The absence of a vital employee can have a huge impact on any business, but in medicine, there is not only the drop in practice income, there is the health and safety of patients at stake.
In a prior post, I wrote a little about disability insurance. It was from the perspective of the person who would be disabled, i.e. the importance of having money to pay the bills while one is unable to work.
But what happens to a small private practice, or any practice for that matter, when a physician is out? It’s hard enough when a non-clinical person is out; patients are still seen, it just gets a little hectic. When a doctor with a full schedule is out, that just blows things up. If he is to be out for a day or two, it’s OK. It’s inconvenient, but OK. His patients just need to be rescheduled and it may mean a few days of seeing extra patients and catching up on phone calls.

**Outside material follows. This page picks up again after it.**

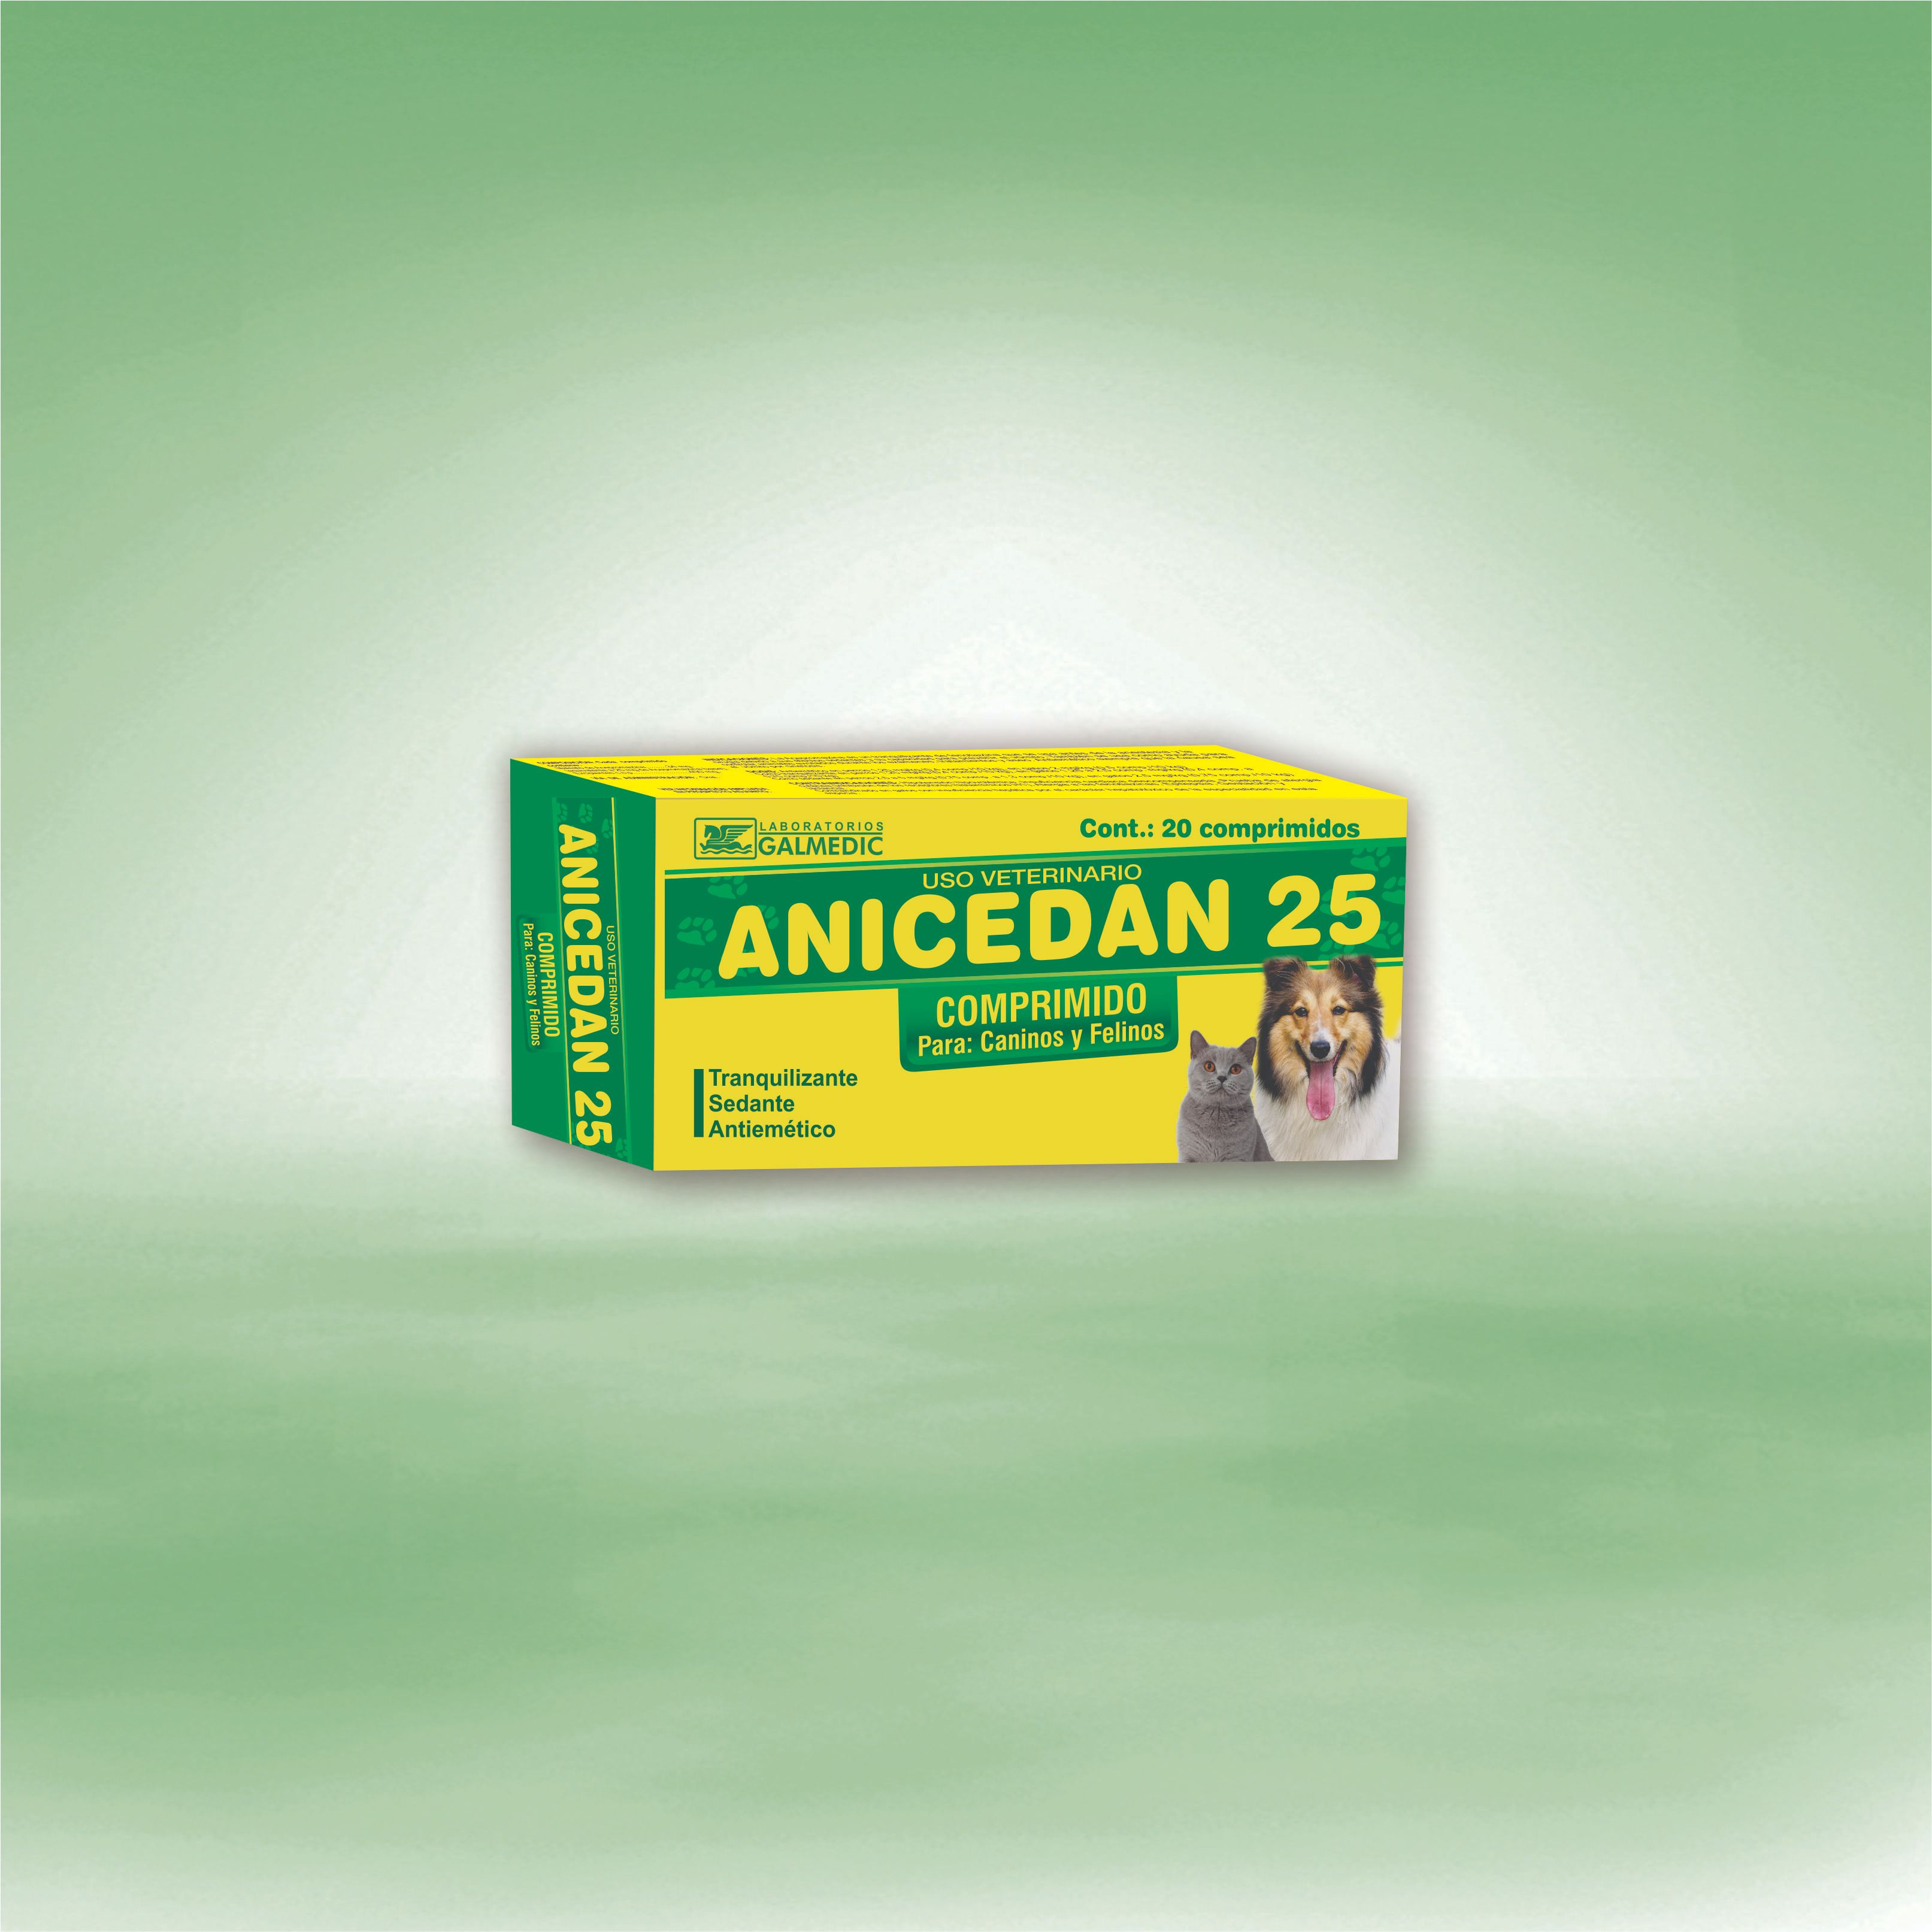 ANICEDAN 25

But what if a doctor has to be out for weeks? How about months? What happens to his patients? If there are several partners to pitch in, his patients can be distributed among them temporarily, but what if there’s only one other doctor in the practice? And what do people in solo practice do? Imagine if each physician in a two-doctor practice sees 20 patients a day and both schedules are full, and the wait for a new appointment is two months. If Doctor A is out, Doctor B can’t possibly see 40 patients a day, nor can he ask patients to wait two months to four months to be seen. Some may have to be advised to go elsewhere for their own sake, to avoid delay in their care.

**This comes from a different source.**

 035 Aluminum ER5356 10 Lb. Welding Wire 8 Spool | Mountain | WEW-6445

The absence of a vital employee can have a huge impact on any business, but in medicine, there is not only the drop in practice income, there is the health and safety of patients at stake. Do you look for someone who does locum tenens to fill in the gap? Do you get a mid-level provider for that role? And then what do you do when Doctor A comes back?

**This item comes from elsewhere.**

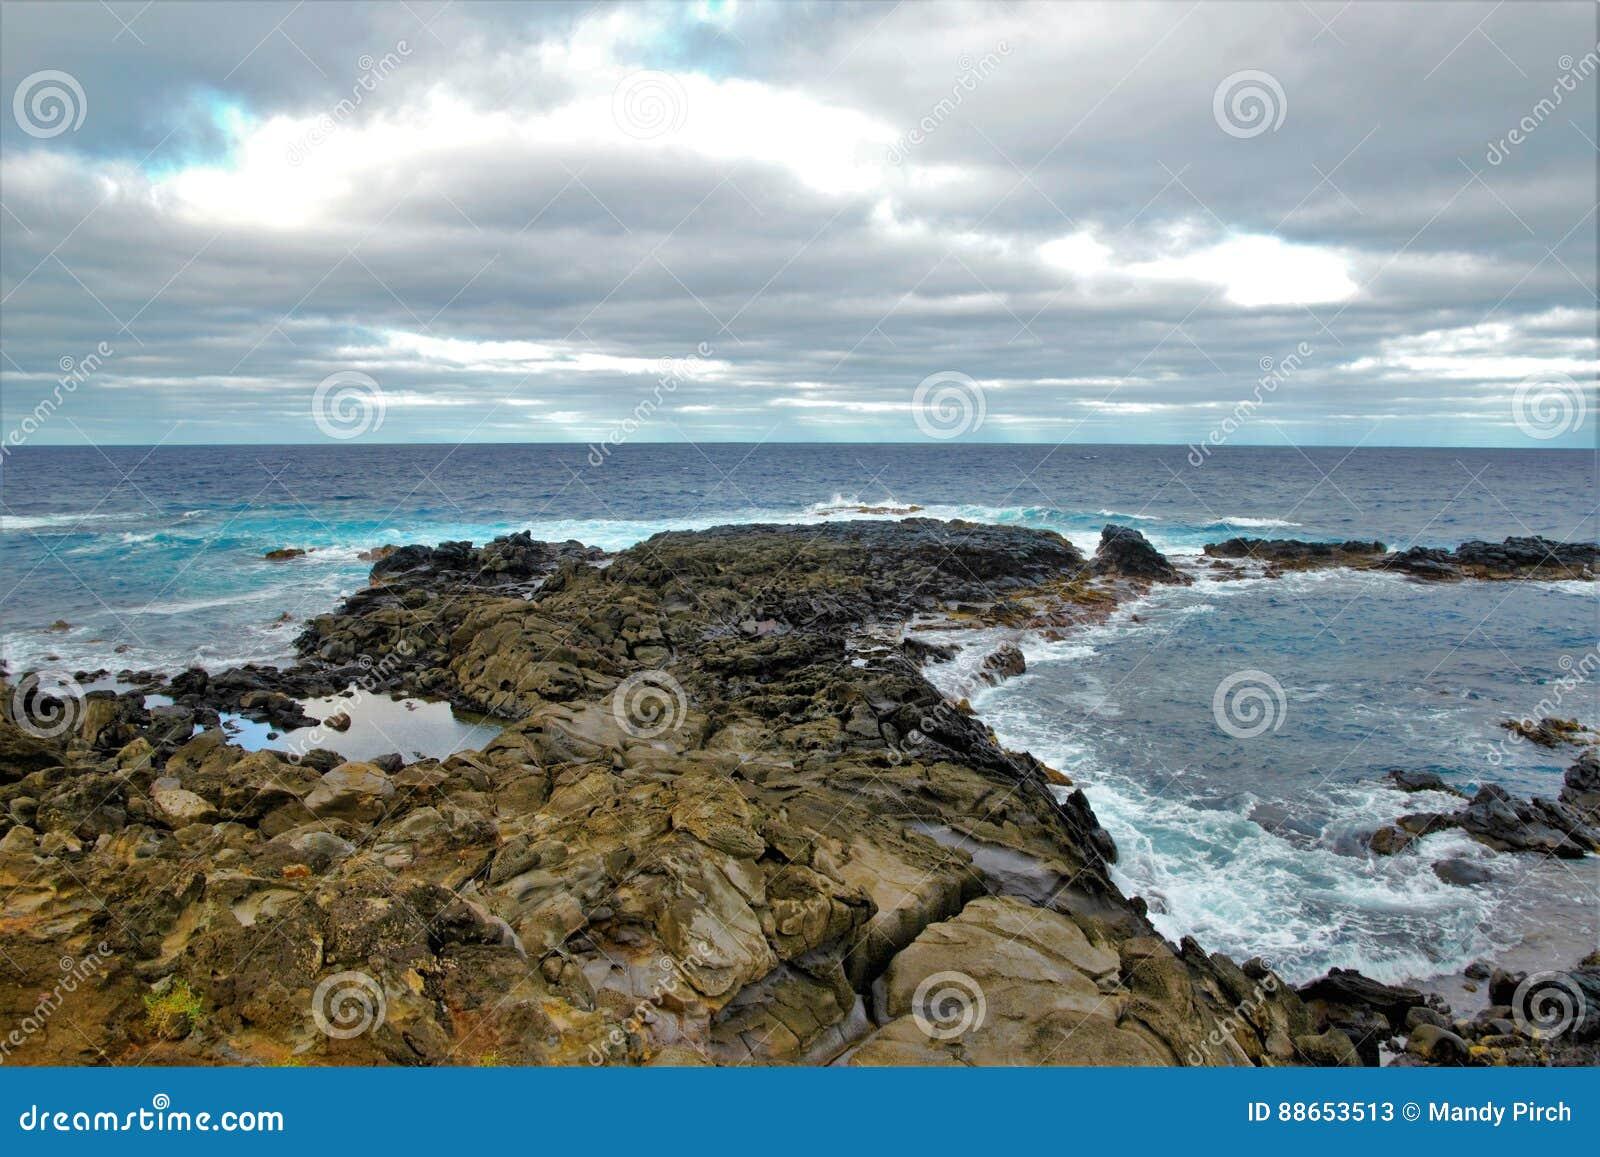 Coasts around Easter Island

Then, of course, there is the matter of paying Doctor A. If Doctor A isn’t seeing patients, Doctor A isn’t bringing in revenue, and in a two-physician practice that’s a 50 percent drop. There is the allocated personal time off, and in some practices sick time, but that’s limited. This is where disability insurance is so important.
I’d be glad to hear what other practices have done when in this situation. It is definitely a tough one - for the doctor who is sick, for the doctor left to work alone who is also a concerned friend and colleague, and for the patients and staff.